U. OFC. PROFESSOR DEFENDS DECISION TO INVITE BANNON
Professor Luigi Zingales defended his decision to plan a debate with Steve Bannon at the University of Chicago, telling about 50 students at a town hall Monday evening that he has valuable perspective on understanding President Donald Trump’s rise.
“In spite of the character of the guy, I think he was able to interpret and understand a feature of the American people that we, academics, missed,” he said. “Everybody at the University of Chicago was shocked on Nov. 7 when the results came in.”
Zingales says Bannon has succeeded at selling a “pretty explosive combination of nationalism and a lack of democracy against globalization.” As a researcher whose interests include populism and as the director of an academic center — the Stigler Center, which hosts a variety of speakers — he said he decided it would be productive to hear what Bannon has to say.

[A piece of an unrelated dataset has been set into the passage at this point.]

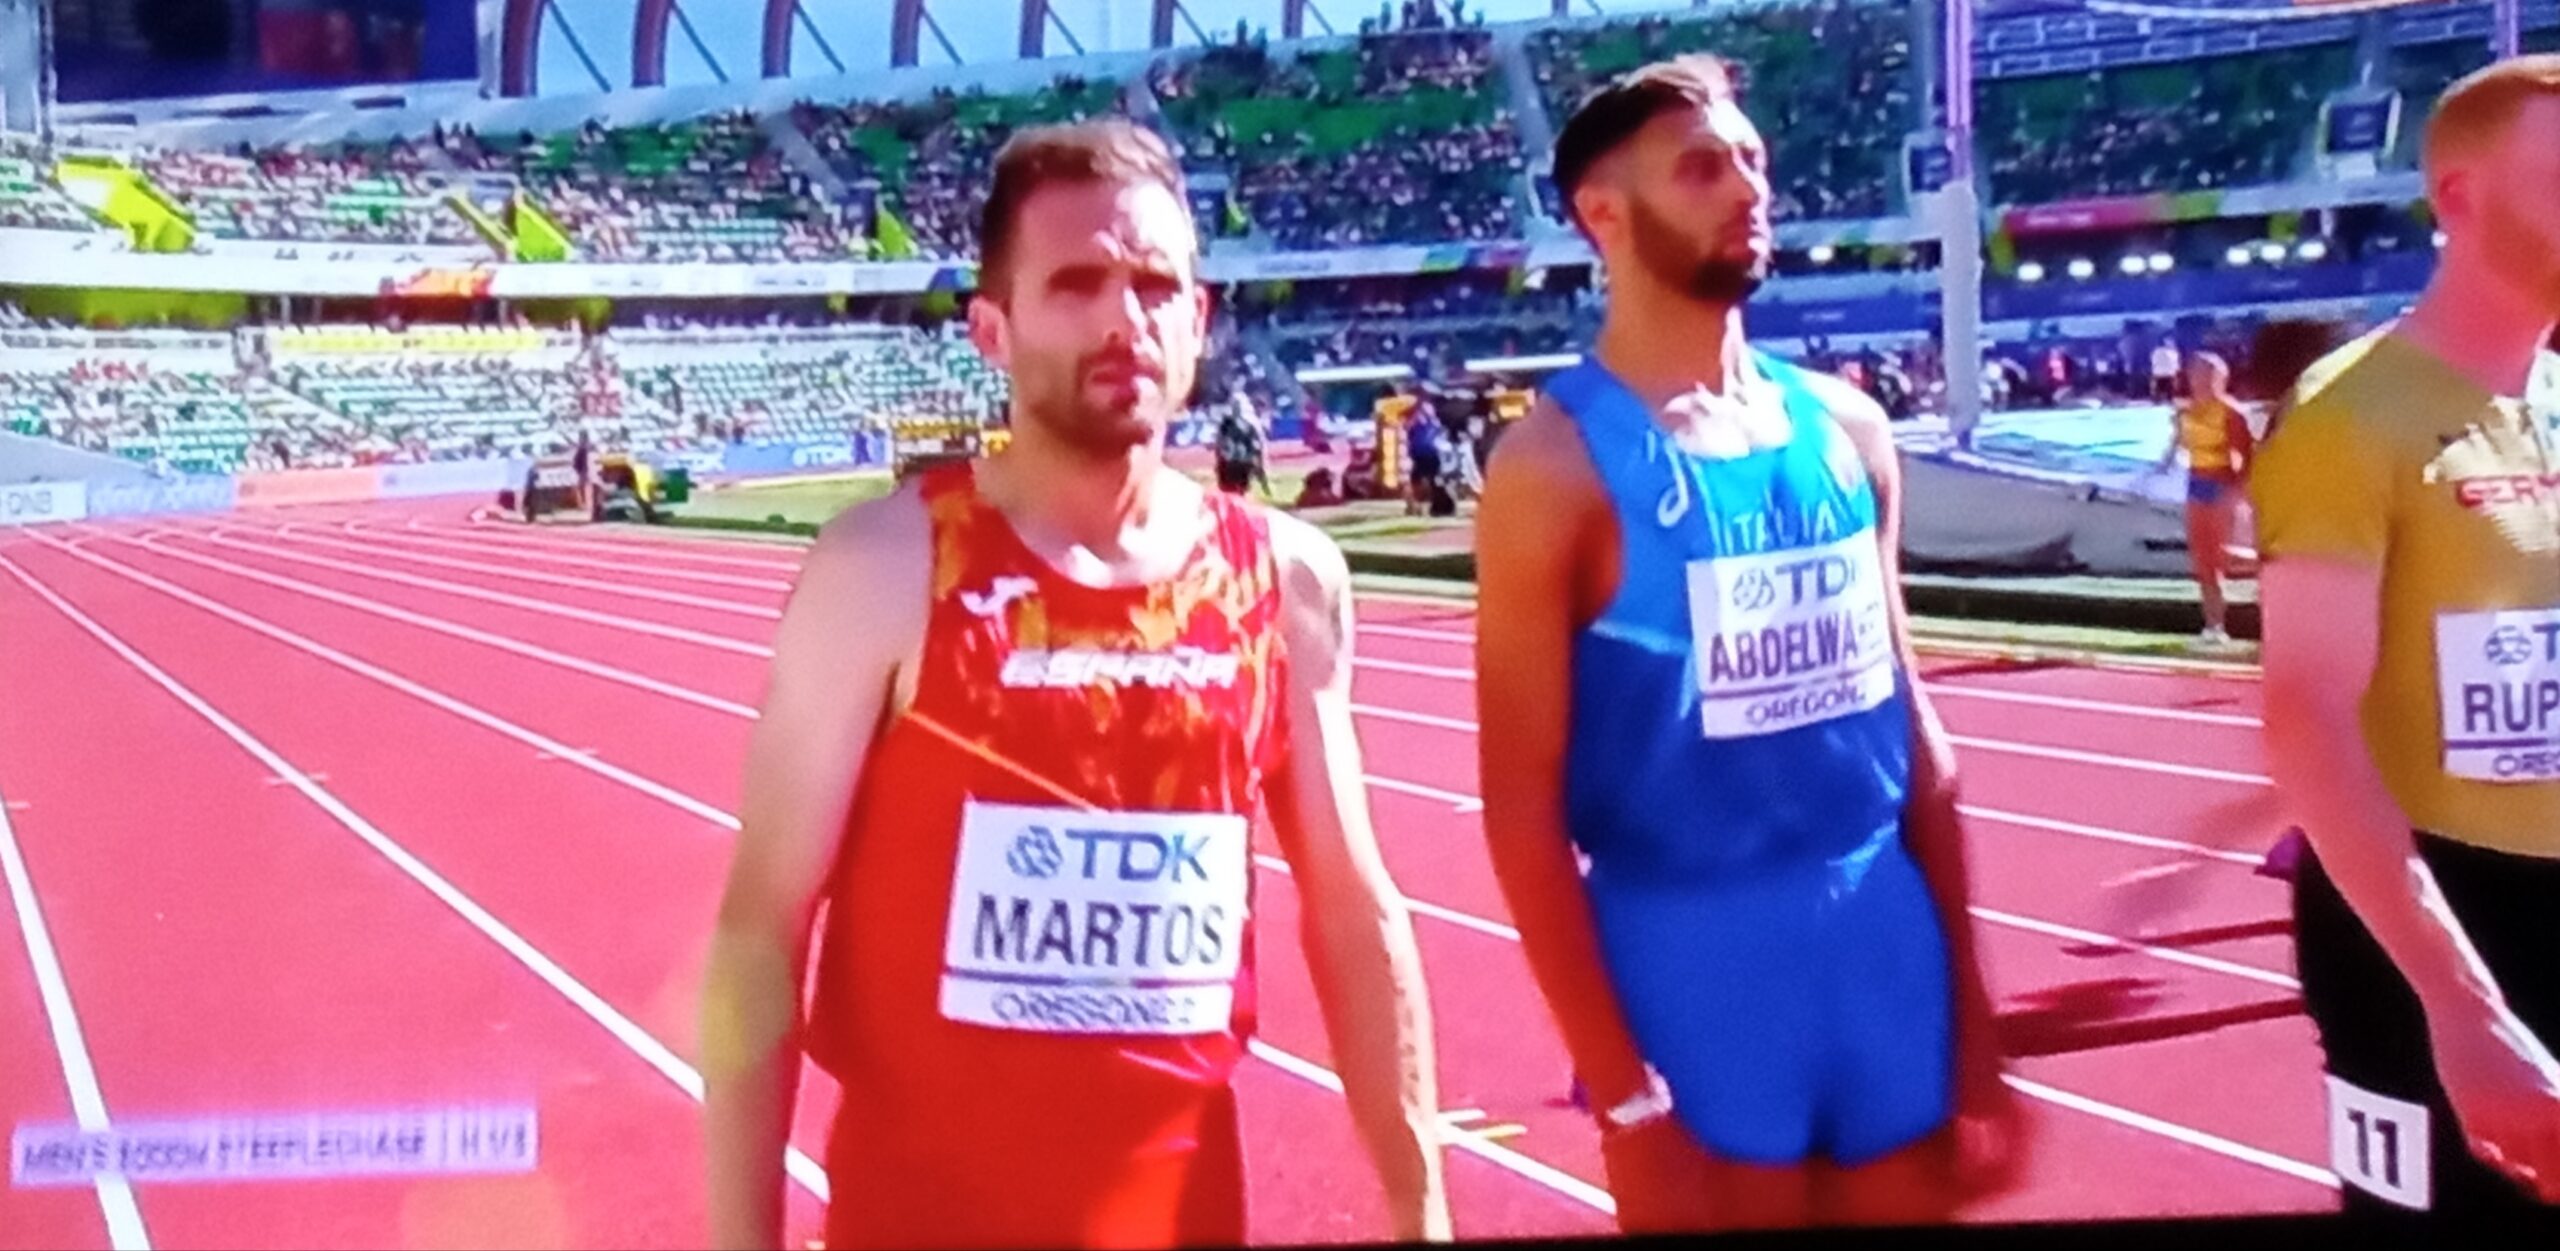 Sebas Martos no se mostraba contento tras la 14ª posición en la final del 3000 m obstáculos

Zingales, a professor at the University’s Booth School of Business, made clear that he is a hardline believer in trying to understand even the most outrageous ideologieswhen he was asked if he would have supported giving a platform to Hitler.
“I think I would distinguish early Hitler from later Hitler. I think it would have been very useful to know ahead of time what he was about,” he said. “If the world had known earlier what Hitler was standing for, I think there would have been a better fate, no?”
Bannon, former chief strategist to Trump and former Breitbart executive chairman, is an economic nationalist who has long advocated for greater restrictions on immigration.